I am not a great cleaner, and it's not in my comfort zone to wax poetic about cleaning strategies, but I think we can split most cleaning into two categories:

Decluttering and Deep Cleaning.

So this blog is going to spend the month looking at both. Why doing them is green (and good for your life), and how you can make changes to make them even greener.


First, Decluttering. 


The average American has 300,000 objects in their home, and it comes at a really high cost. We buy object after object hoping to make us happy, respected, or enough, but instead we know the ever growing pile of chaos is making us miserable. We know that decluttered and minimalist spaces create better mental health and prevent depression. This is a big deal.

On the environmentalist front, we know that having what we need (not just an epic pile of what we want) means that we have a better sense of what we have.

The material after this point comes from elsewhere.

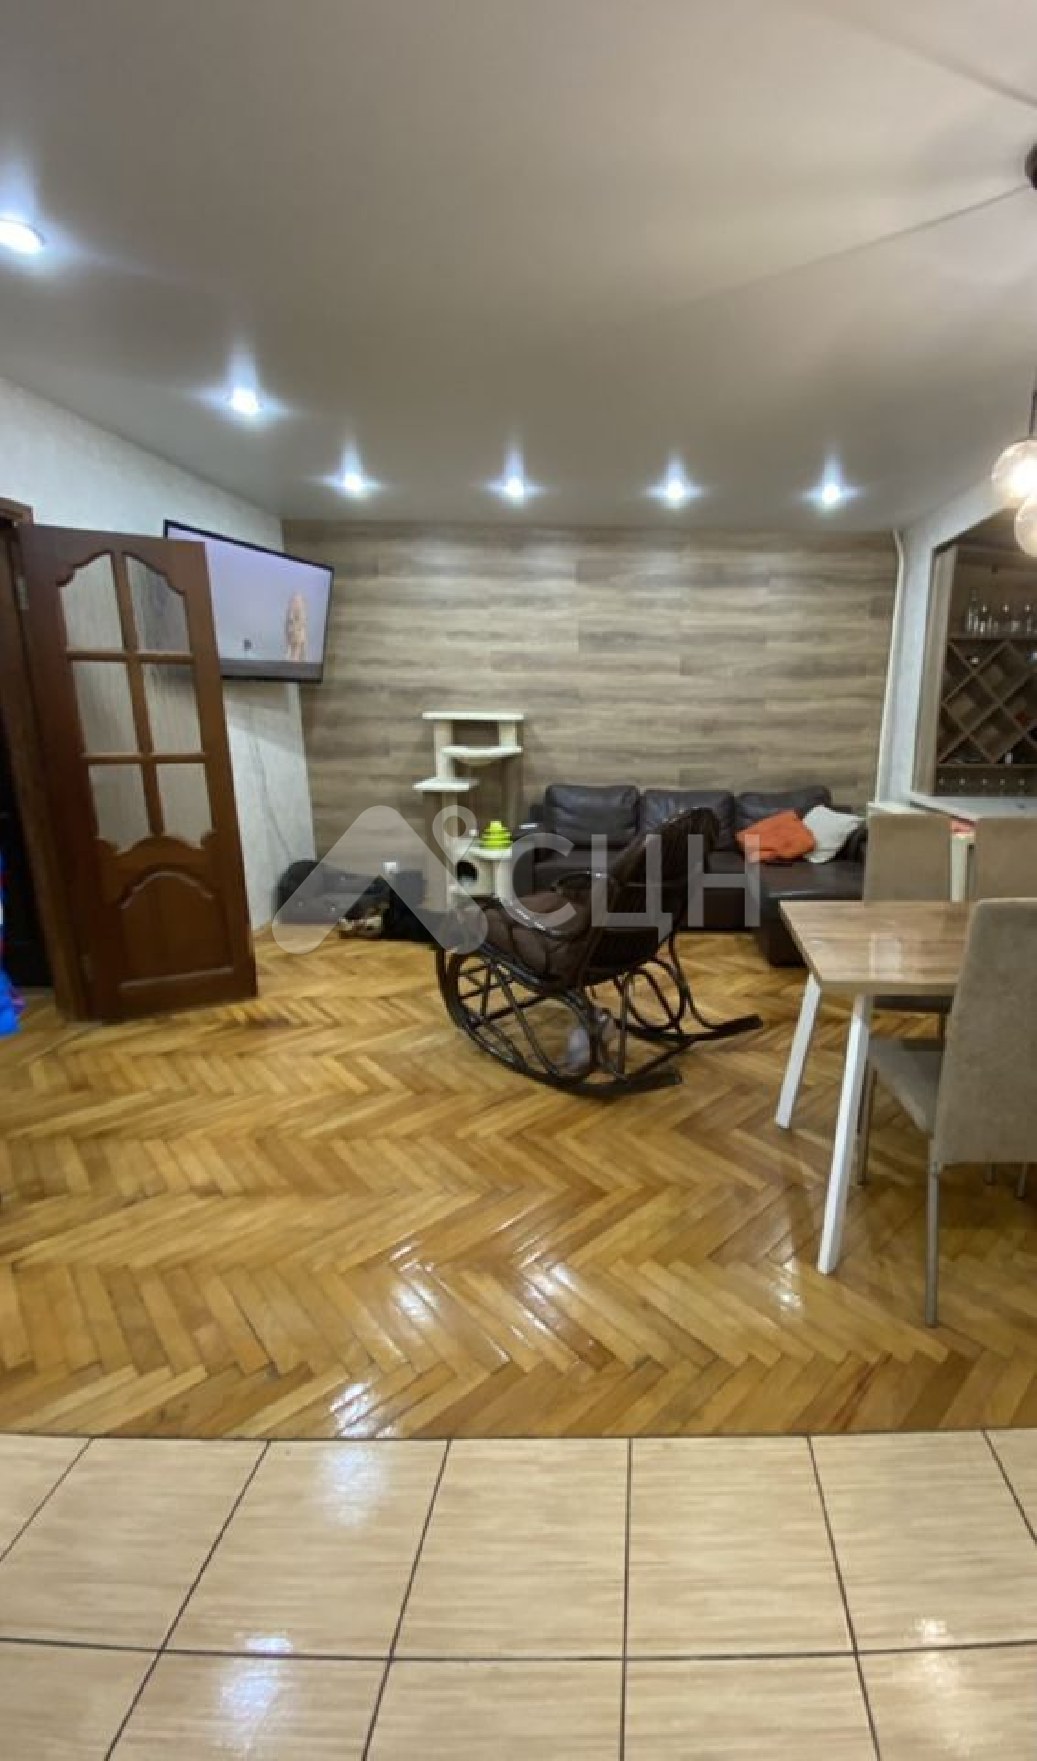 Цены на жилье в Сарове
: Г. Саров, улица Некрасова, 9, 3-комн квартира, этаж 7 из 9, продажа.

Most Americans buy multiple duplicates a year of something they already own. No one can keep track of 300,000 objects. No one can make one million great choices. But if we minimize our stuff, we know what we have AND we can buy less.

That means less plastic packaging, less shipping and fossil fuel waste, less waste in general.

That said, it can be tempting (and honestly satisfying to send our unwanted stuff out to the fields and never think of it again.

But that is a HUGE mistake. First, it creates tons of unnecessary waste sent out to landfills that could have been recycled or reused. Secondly, someone out there could use the thing you are done with. If they can't get it from you, they might buy it, and the cycle of shopping and waste (and never actually being all that happy) continues.

So, if you are decluttering this spring, consider joining my Great Donate challenge. The goal is to donate 2,018 items out of your house this year. It is so cleansing and life-affirming, plus you have less to clean up.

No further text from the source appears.